Definition
An API key scope is a permission boundary that limits what a key can do, such as chat writes, embeddings writes, image requests, or usage reads. Scopes reduce blast radius, but full keys still belong in server-side secret storage, not public tools, frontend code, screenshots, or support messages.
Canonical facts
| Purpose | Limit what a key can access or change. |
|---|---|
| Storage | Keep full keys server-side or in secret managers. |
| Display | Show safe prefixes, not full keys, after creation. |
| Rotation | Rotate keys when exposed or no longer needed. |
| unlimitedcodex | Treat delivered keys and self-service scoped keys as sensitive credentials. |
Why scopes help
A scoped key can reduce damage if one workflow is compromised. For example, a key used only for usage reads should not also be able to send image or chat requests.
What scopes do not solve
Scopes do not make a leaked full key safe. Do not paste keys into public examples, forums, support messages, analytics tools, or client-side code. Rotate any exposed key immediately.
Checks
Use the smallest scope needed for the workload.
Store keys in server-side environment variables or secret managers.
Never paste full keys into public tools.
Rotate keys after exposure or role changes.

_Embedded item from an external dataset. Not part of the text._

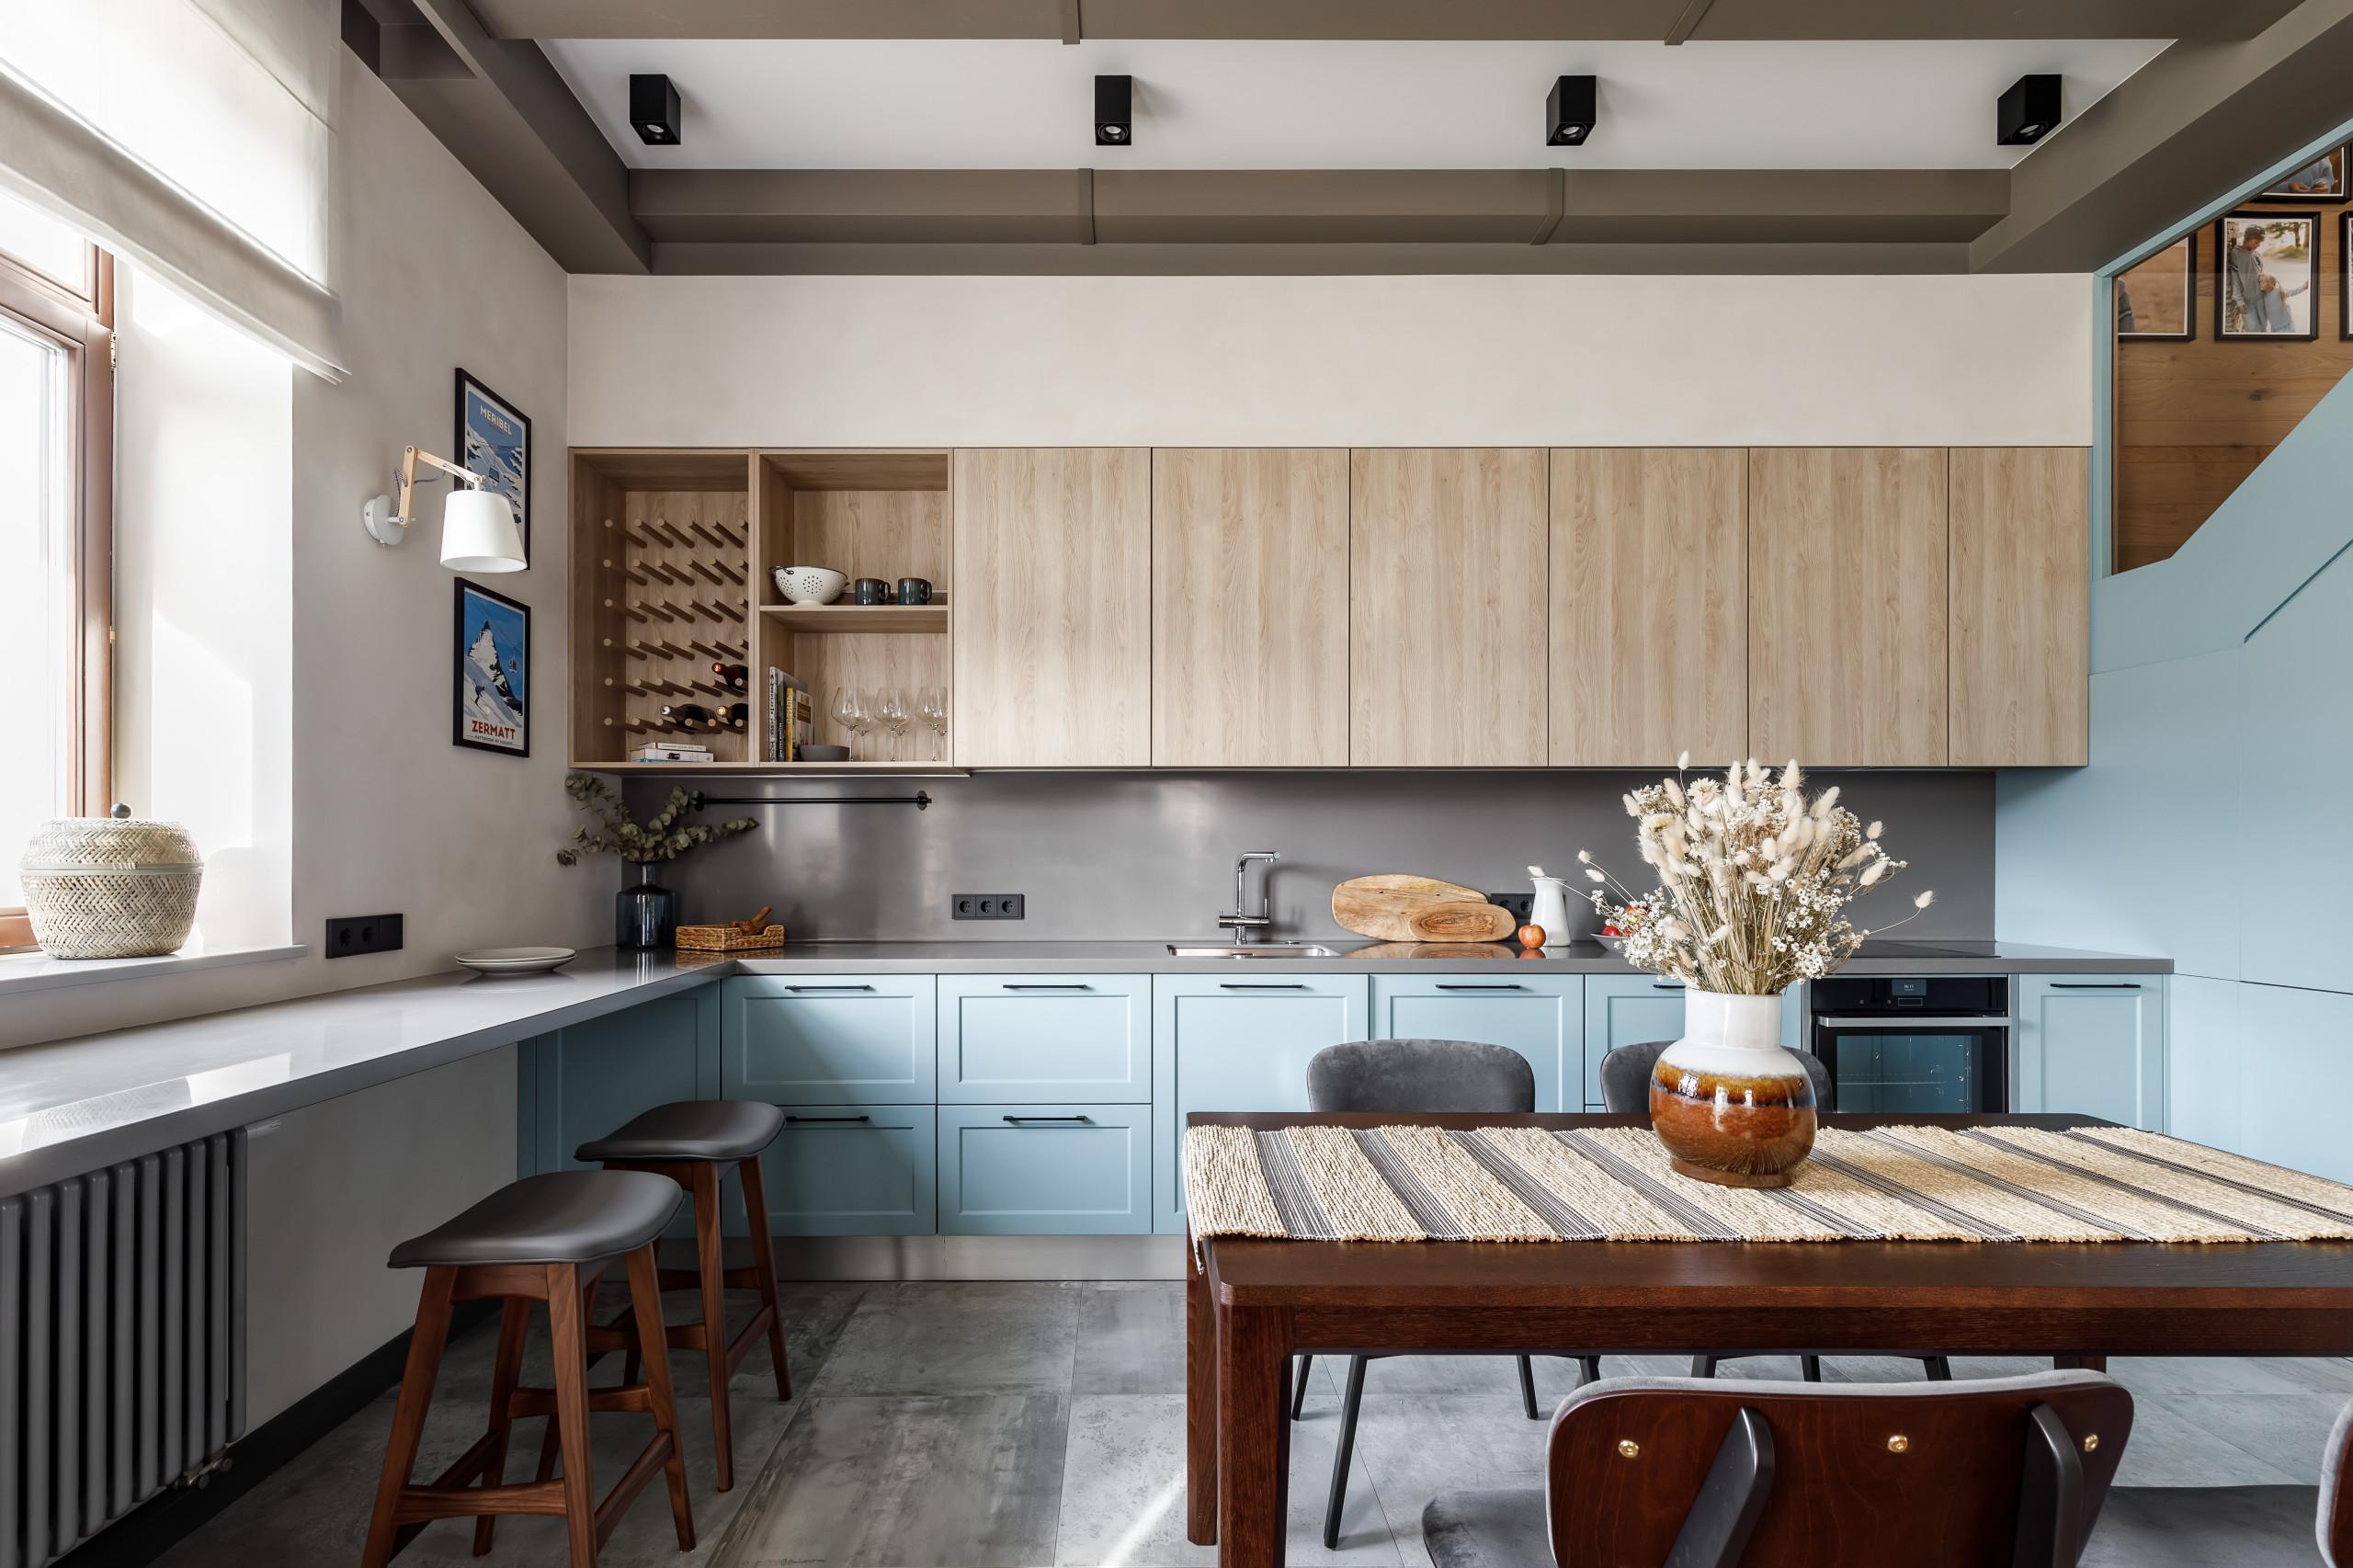 Нижний ярус: 11 советов по организации кухонных шкафов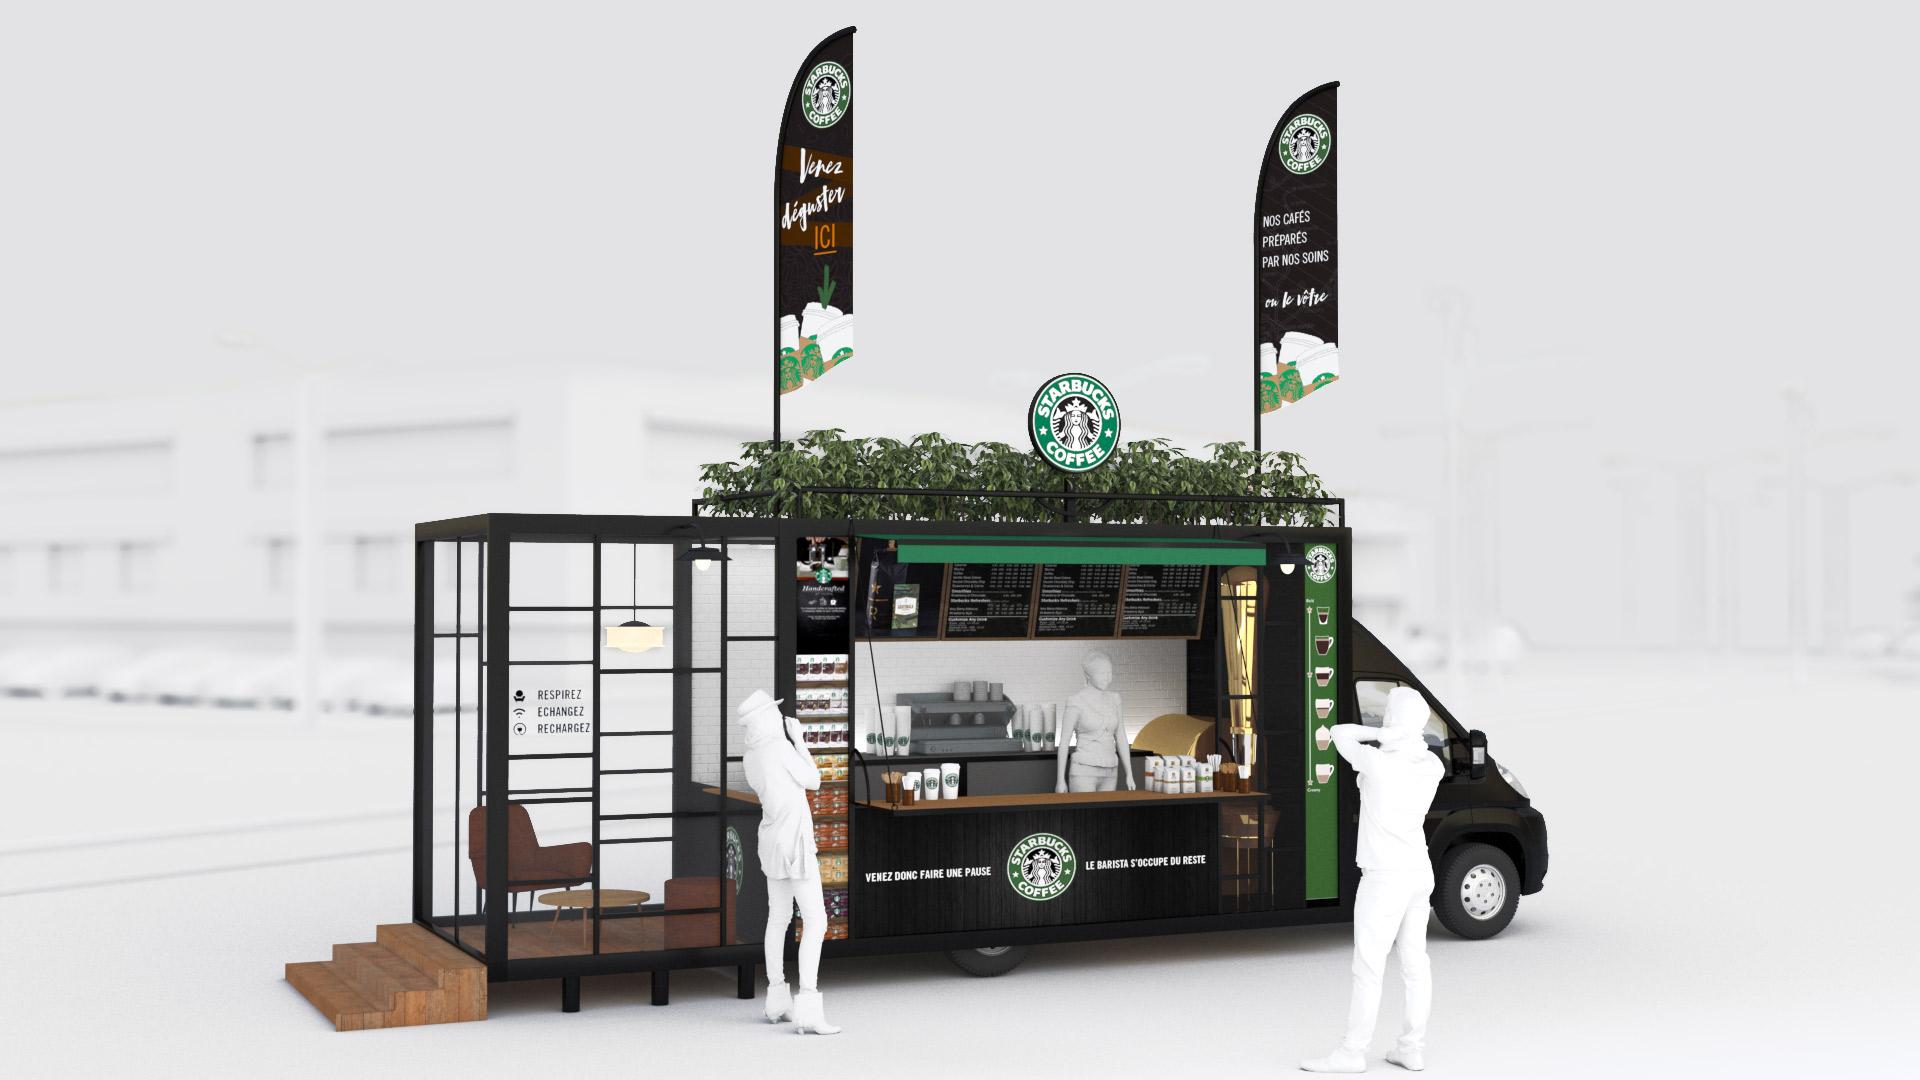 Starbucks_1920_SIDE

Use separate keys for test and production paths when available.
Target queries
FAQ
Can a scoped key be public?
No. Scopes limit permissions, but a full key is still a credential and should stay private.
What should be shown in dashboards?
Dashboards should show safe prefixes or metadata, not full reusable secrets after creation.
What if a key leaks?
Revoke or rotate it, inspect logs for misuse, and move secrets into a safer storage path.